Allah memberikan 'kekhususan', atau sebutlah bonus, pada malam. sebab, di sepertiga atau dua pertiga malam merupakan saat terlelap seseorang beristirahat. Di saat seperti itu, seseorang berjuang melawan kantuk, dan udara dingin yang meninabobokkan. Apalagi bila membayangkan betapa asyiknya orang-orang tertidur.

Tapi, bukankah keikhlasan namanya, ketika seseorang beringsut dan menjauhkan rusuknya dari pembaringan demi beribadah kepada Allah? Keikhlasan, menjadi sesuatu yang tak ternilai, karena sudi menyisihkan kantuk. Padahal siapakah yang melarang kita tertidur ketika IA sendiri memberikan malam untuk beristirahat. Di tengah konteks demikian, betapa dalam makna ikhlas, ketika kita sudi terjaga di tengah kebeningan malam di saat khusyuk lebih mudah teraih (lihat QS 73:6).

Tak mengherankan, Allah mengganjar keikhlasan hamba-hamba-Nya yang sudi menjauhkan rusuknya, dari pembaringan. Tak sekadar turun ke lapis langit terendah dan mengabulkan doa hamba-Nya yang masih beribadah, IA pun memberikan ketenangan batin.

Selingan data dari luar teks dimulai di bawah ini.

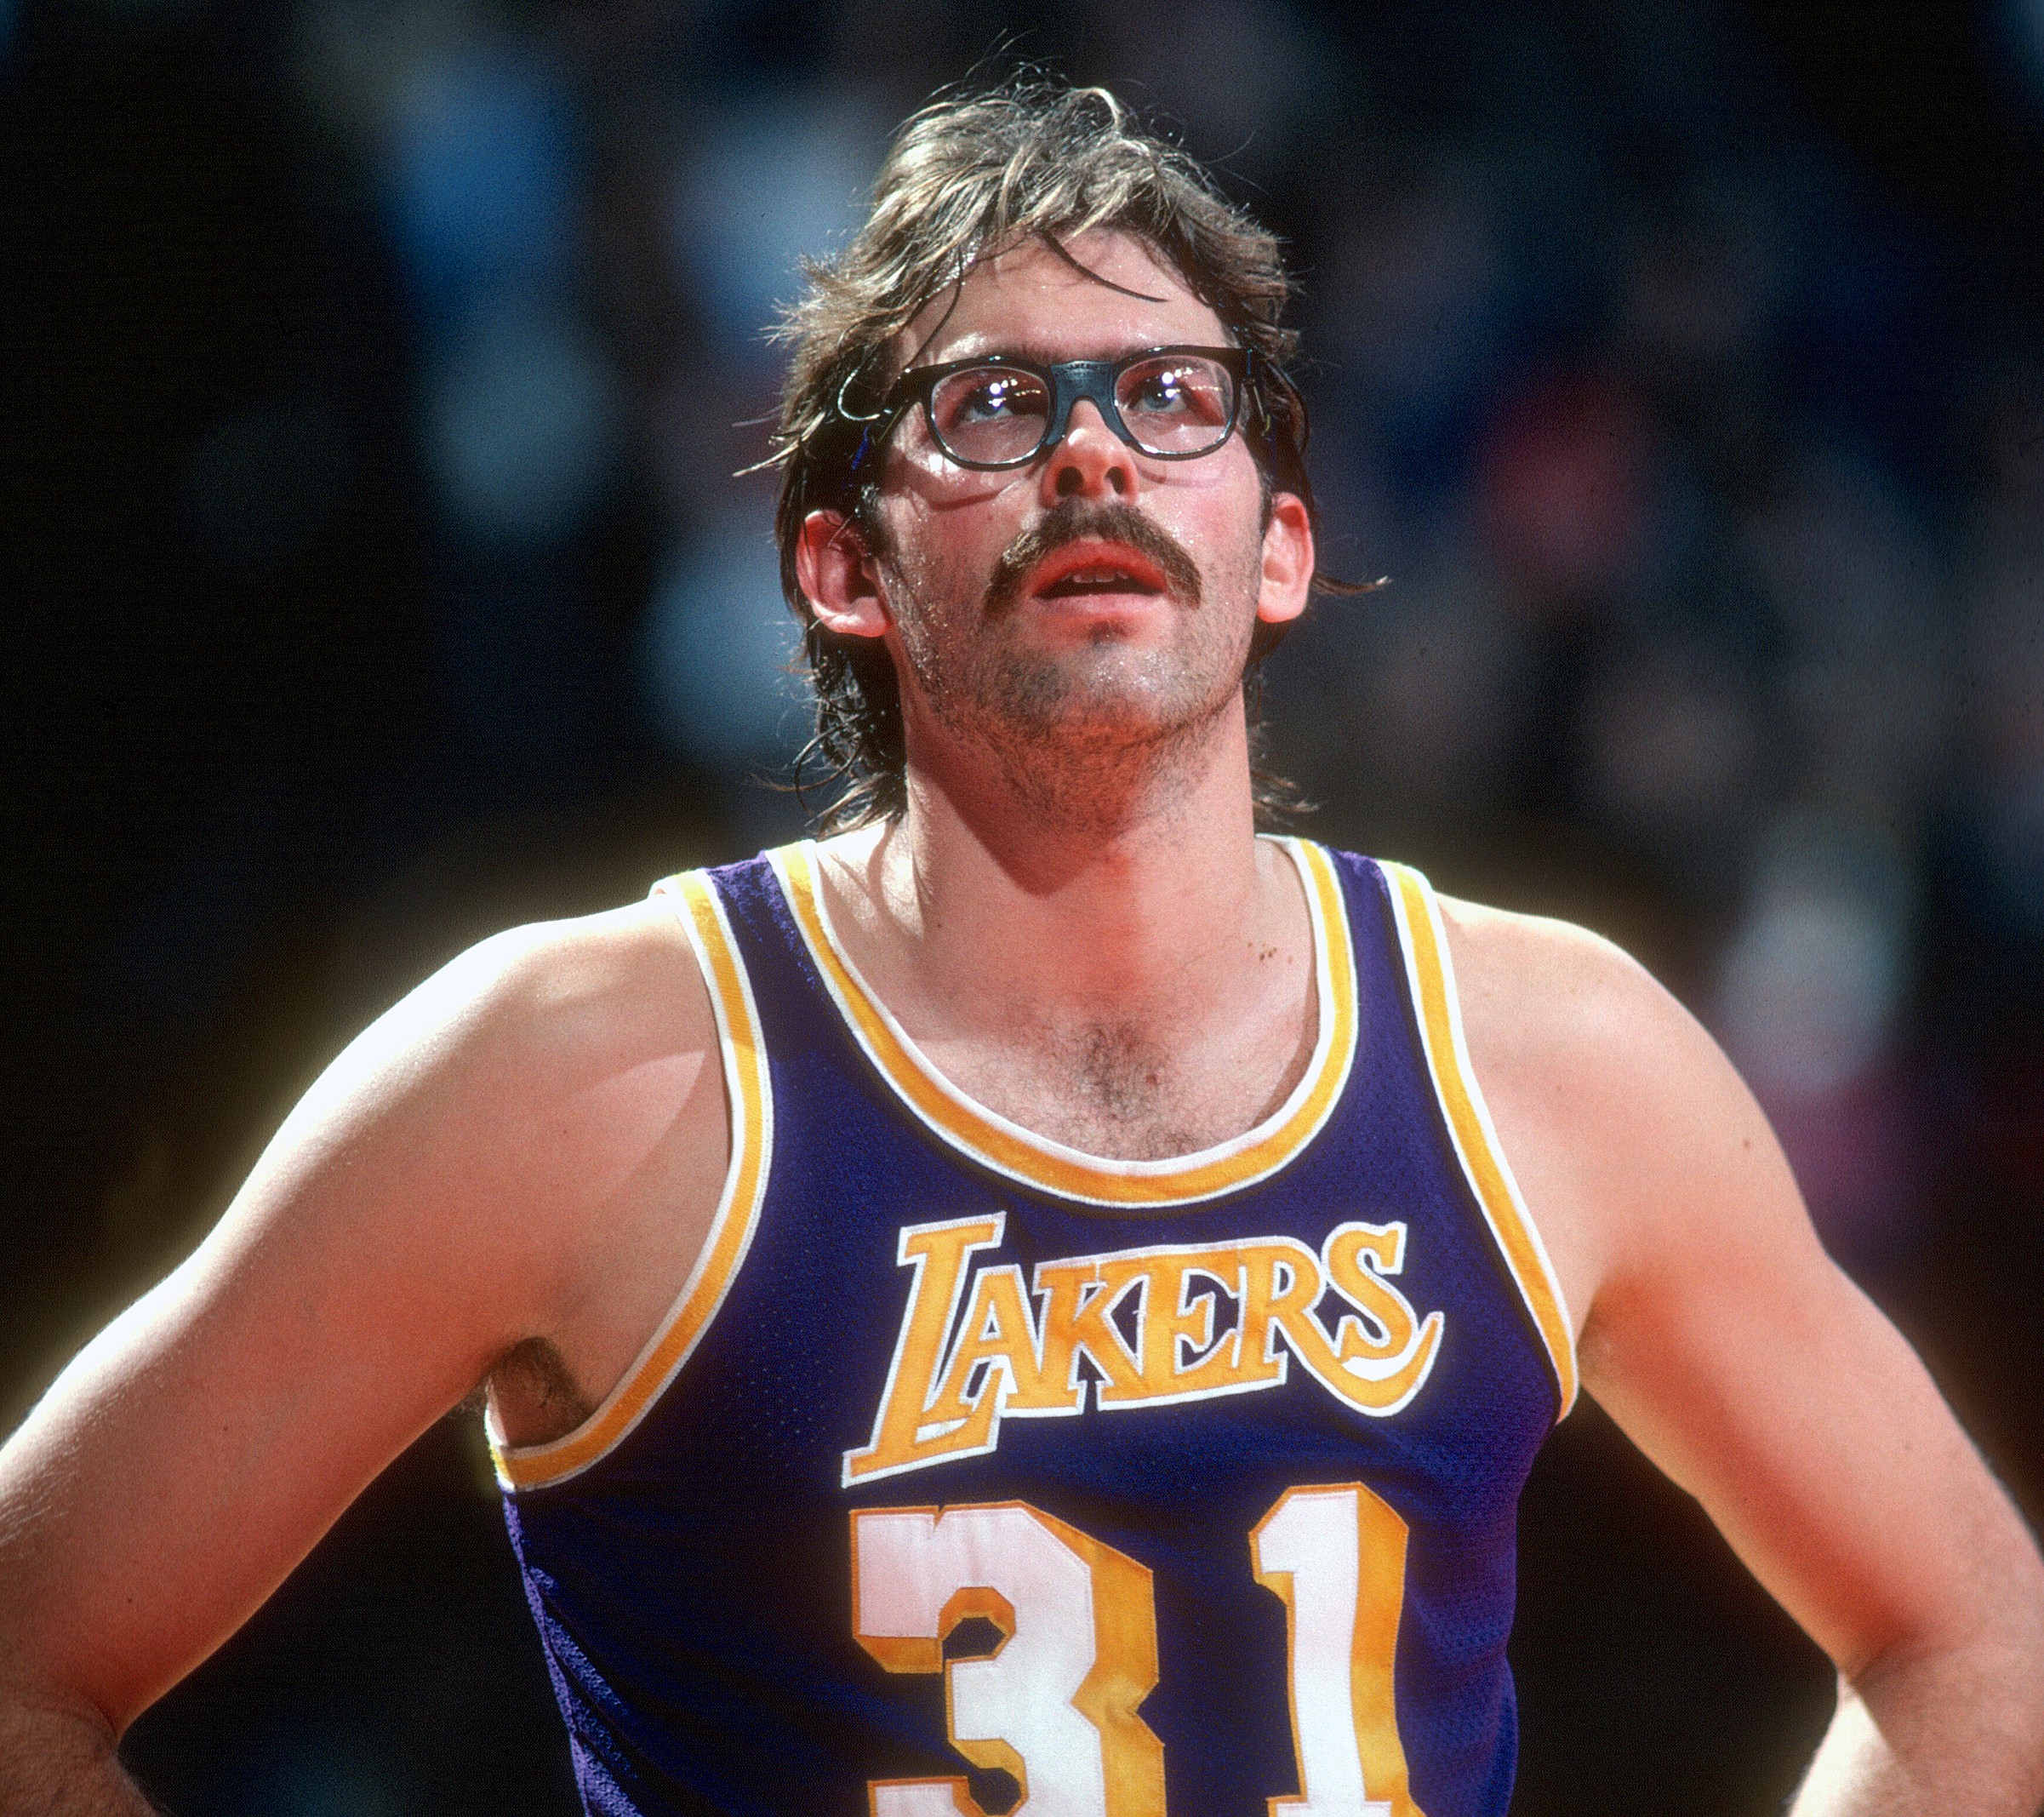 Kurt Rambis of the Los Angeles Lakers looks on against the Washington Bullets.

Bukankah ketenangan batin pun merupakan tempat terpuji ketika orang-orang, di hari-hari ini, remuk dan gelisah oleh ambisi duniawi?

Minggu, 08 Juni 2008

TEMUKAN DIRIMU DALAM SEPI


Disebuah pabrik penggilingan padi, terjadi kegaduhan. Jam tangan milik seorang karyawannya terjatuh ke dalam tumpukan dedak (kulit padi). Dengan dibantu teman temannya, sang pemilik jam mencari, mengaduk dan mencarai-beraikan tumpukan dedak. Alhasil, sang jam tak ditemukan, detaknya tak terdengar ditingkahi deru mesin giling.

Saat jam istirahat, sang pemilik jam dan teman-temannya makan siang. Dilihatnya seorang anak kecil jongkok ditumpukan dedak yang telah tercerai berai. Dengan seksama ditajamkan pendengarannya, disatukan irama tubuhnya dan difokuskan penglihatannya. Sedetik disibaknya tumpukan dedak, diambilnya sebuah jam tangan tua dari dalamnya.

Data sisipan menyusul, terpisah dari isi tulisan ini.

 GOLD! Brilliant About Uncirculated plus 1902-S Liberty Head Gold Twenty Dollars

Dengan keheranan sang pemilik jam yang sejak tadi memperhatikannya, bertanya, bagaimana dia seorang diri bisa menemukan jam itu, sedang ia dengan teman-temannya tak bisa menemukan.

“Bapak dan teman-teman bapak mencarinya ditengah keramaian, kesibukan dan waktu yang semakin menghimpit. Sedang saya mencarinya seorang diri, cukup saya diam dalam hening, kudengar detak detak jarum jam, disitulah jam bapak terbenam” jawab sang anak ringan.

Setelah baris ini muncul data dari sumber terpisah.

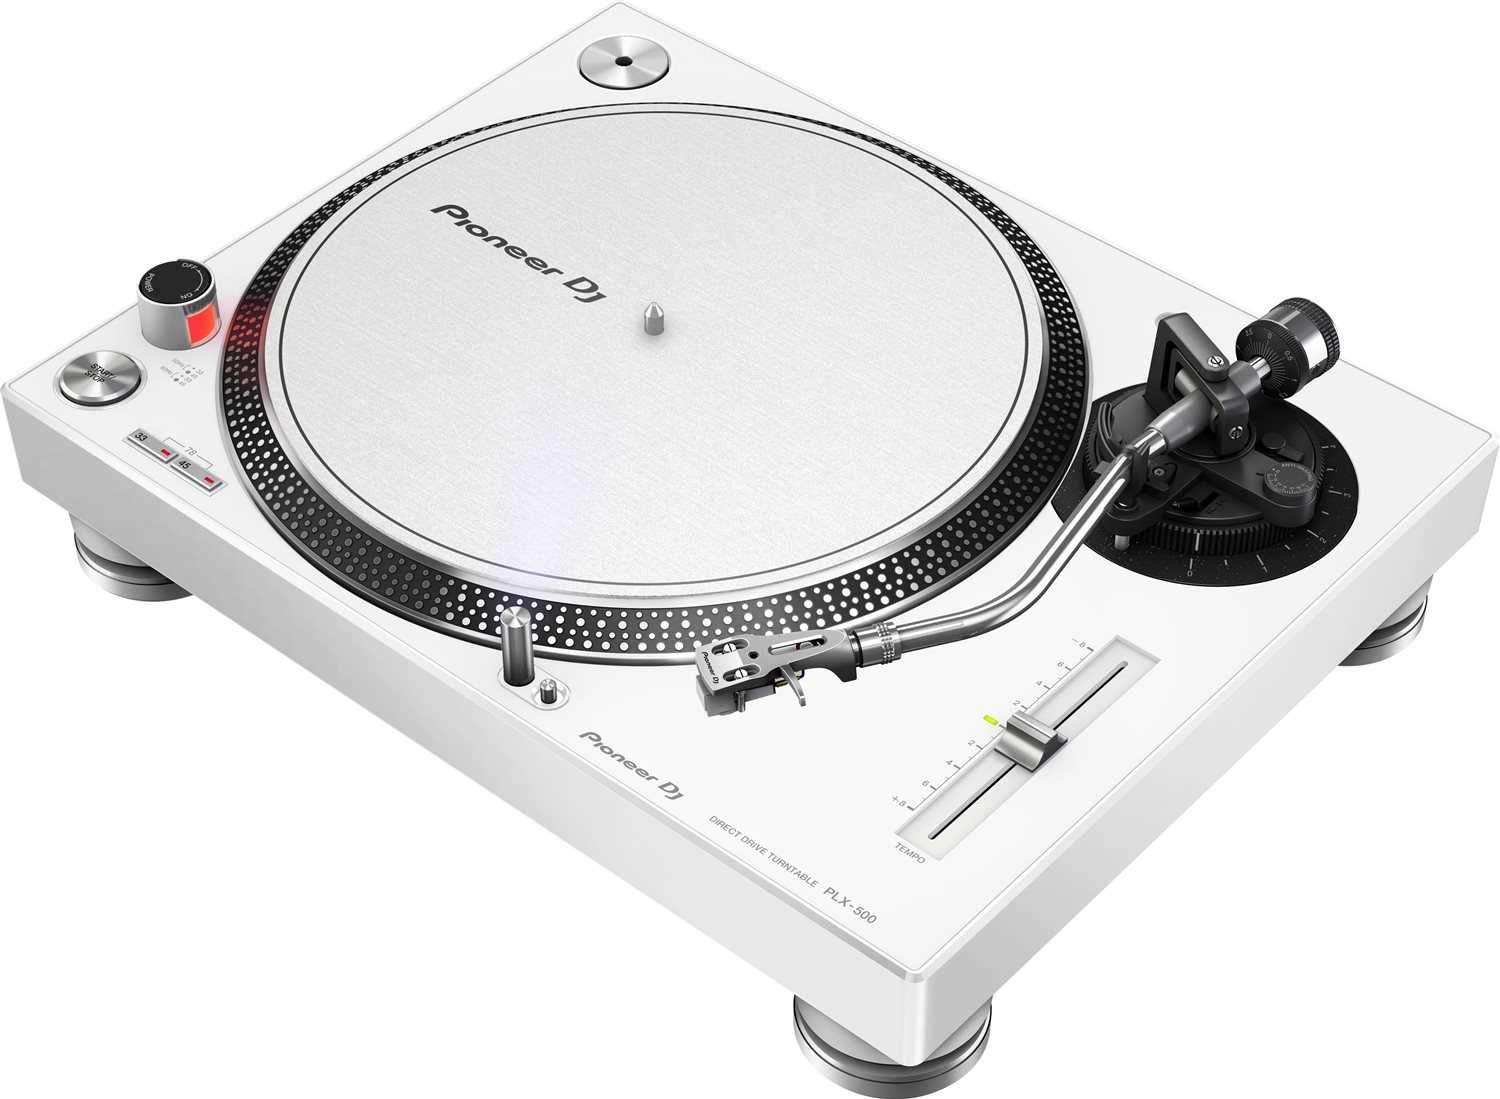 Pioneer PLX-500-W Direct Drive DJ Turntable Pair - ProSound and Stage Lighting

Saudaraku, keheningan adalah milik kita yang semakin lama semakin hilang dari kehidupan kita. Kesibukan yang terus menerus, rutinitas yang semakin menjemukan, tuntutan kehidupan yang semakin mencekik, dan target atasan yang semakin tak manusiawi. Sering membuat kita abai terhadap diri untuk merenung, mengheningkan diri. Merangkai kelembutan-kelembutan dalam kehidupan kita, mempertanyakan sejauh mana diri menjadi berarti dan bermakna bagi kehidupan sekitar, melihat bekal yang akan kita bawa menuju perjalan pulang kerumah-Nya.